= Instructions to follow =
No pictures belong in the copy. Restate the rest of the data exactly.

= Data extract =
• • •

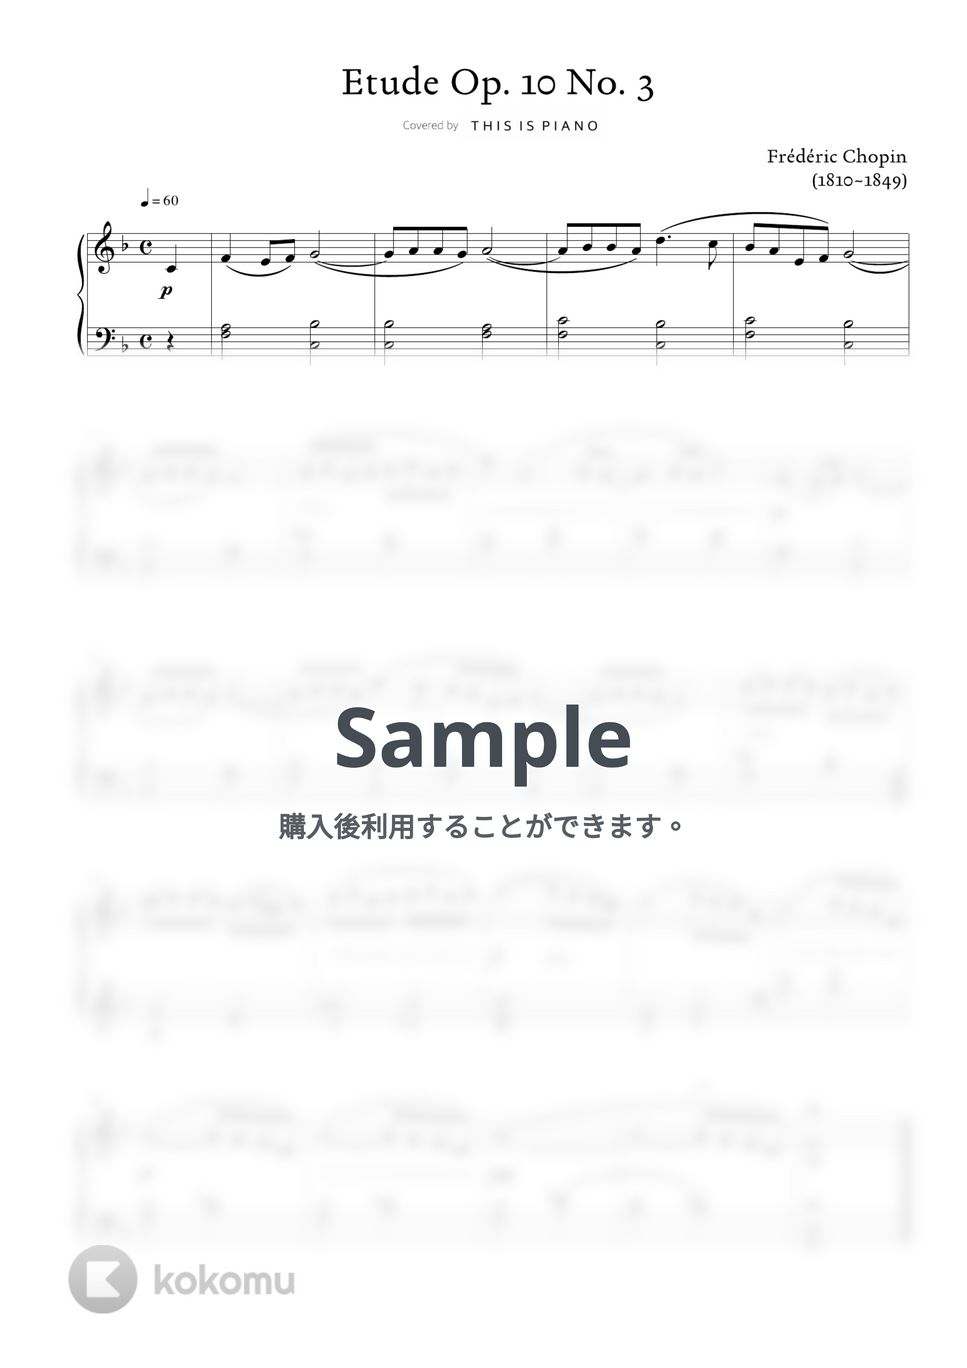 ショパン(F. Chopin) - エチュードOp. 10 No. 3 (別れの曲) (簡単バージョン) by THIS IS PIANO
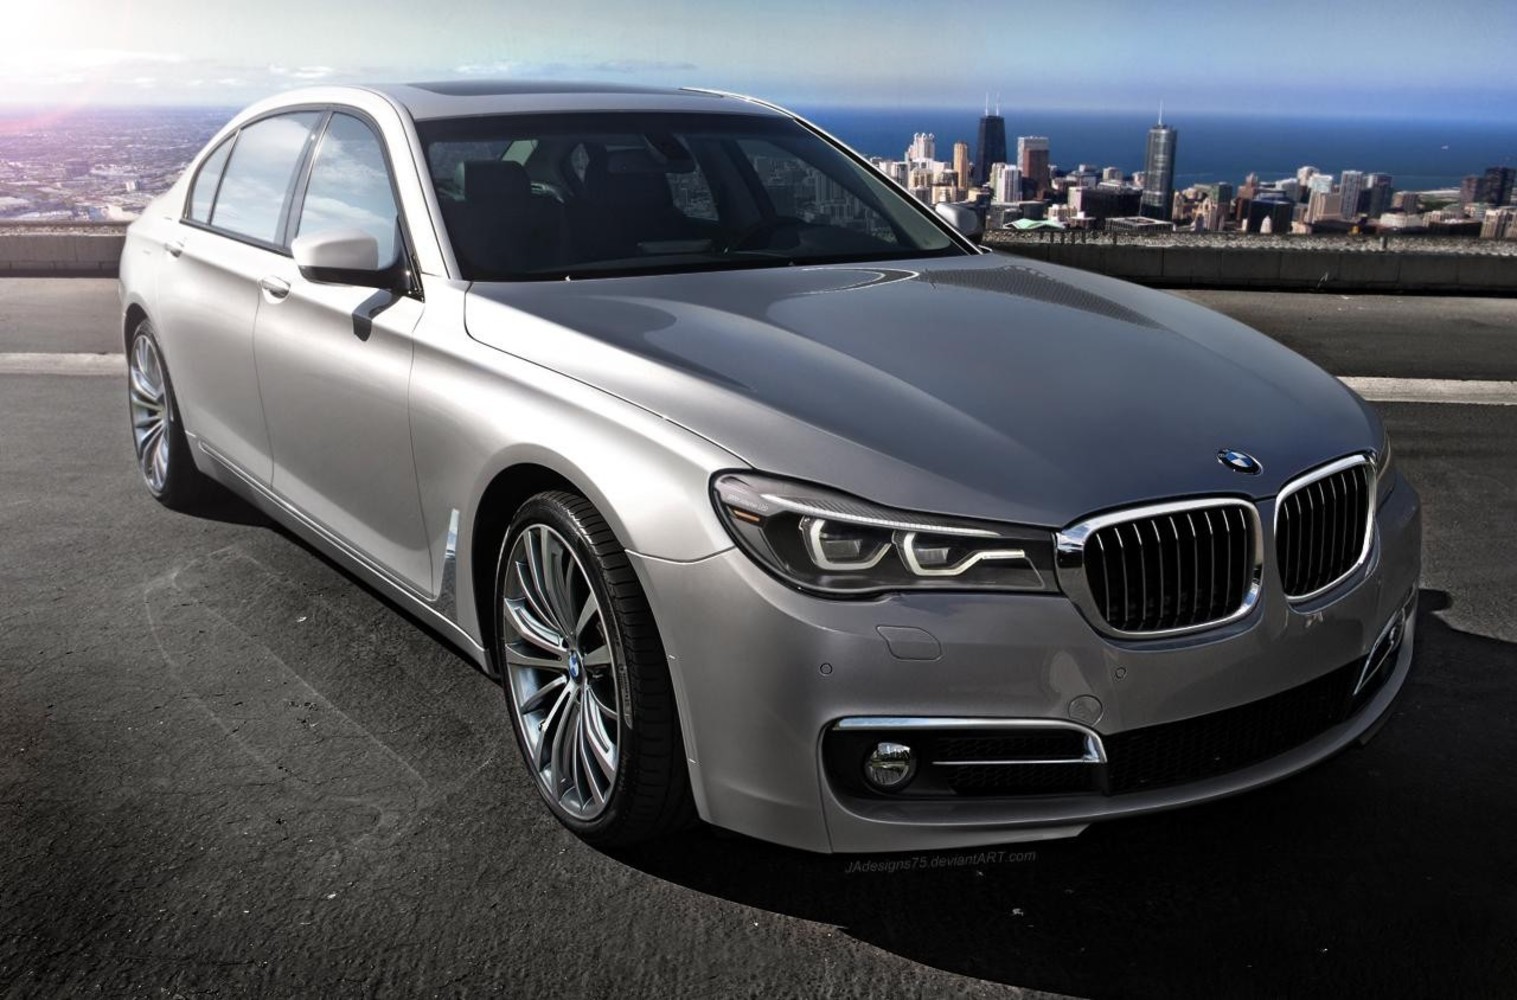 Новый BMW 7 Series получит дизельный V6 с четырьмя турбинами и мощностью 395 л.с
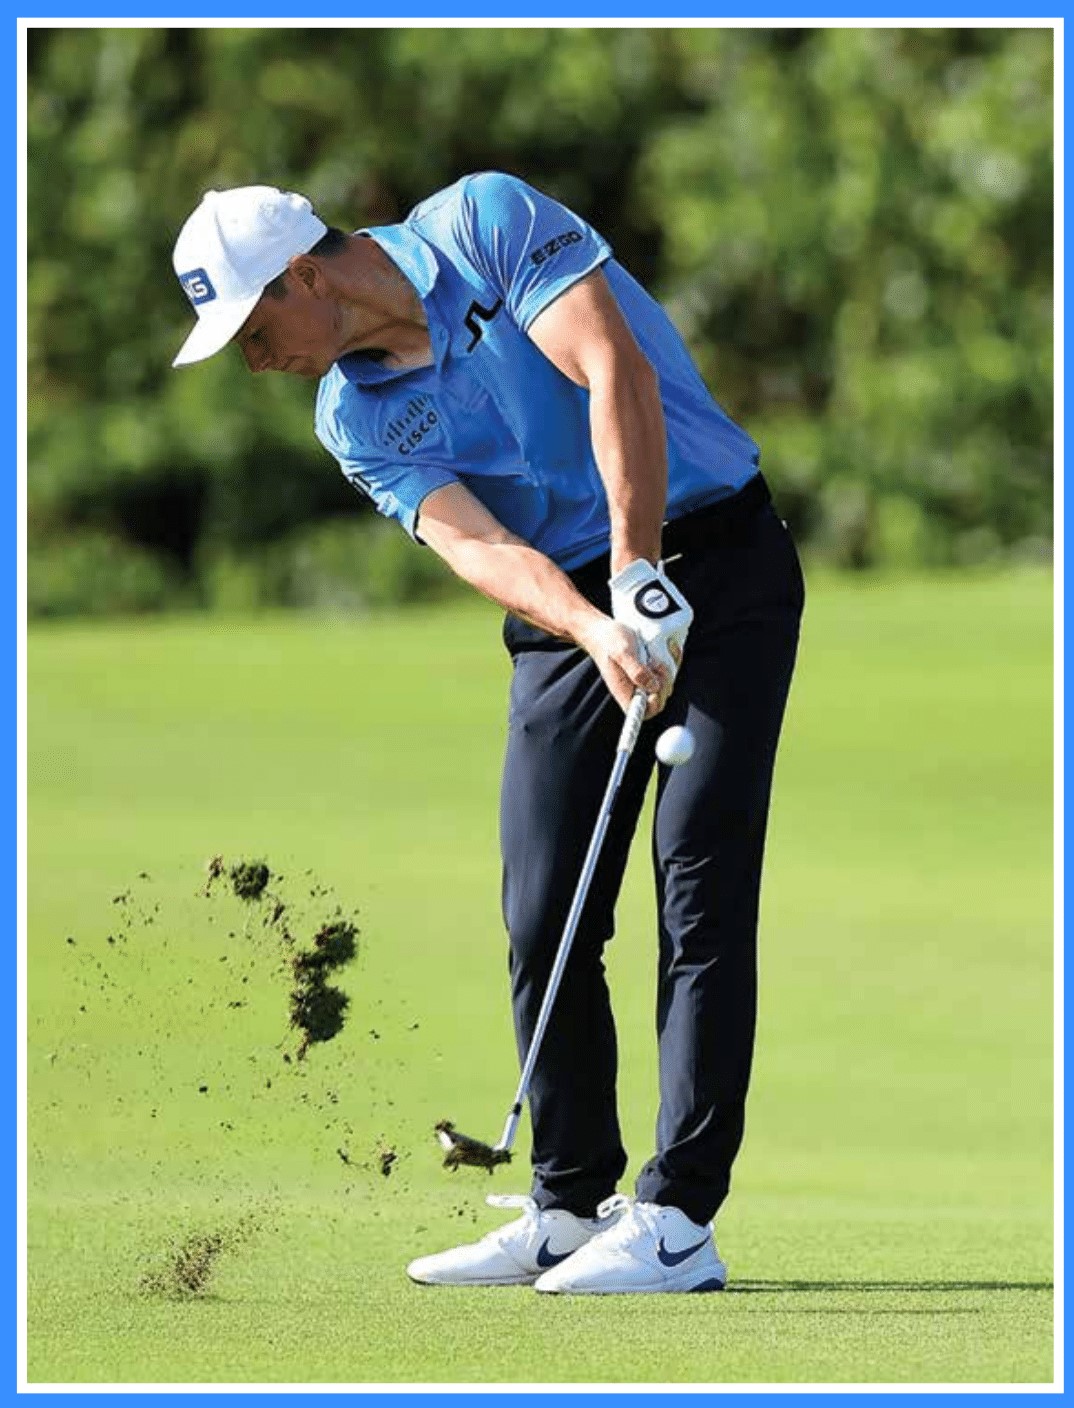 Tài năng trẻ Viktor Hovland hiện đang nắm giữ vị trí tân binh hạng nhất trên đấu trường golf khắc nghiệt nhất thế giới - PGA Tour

• • •

= Answer area =
 ショパン(F. Chopin) - エチュードOp. 10 No. 3 (別れの曲) (簡単バージョン) by THIS IS PIANO
 Новый BMW 7 Series получит дизельный V6 с четырьмя турбинами и мощностью 395 л.с
 Tài năng trẻ Viktor Hovland hiện đang nắm giữ vị trí tân binh hạng nhất trên đấu trường golf khắc nghiệt nhất thế giới - PGA Tour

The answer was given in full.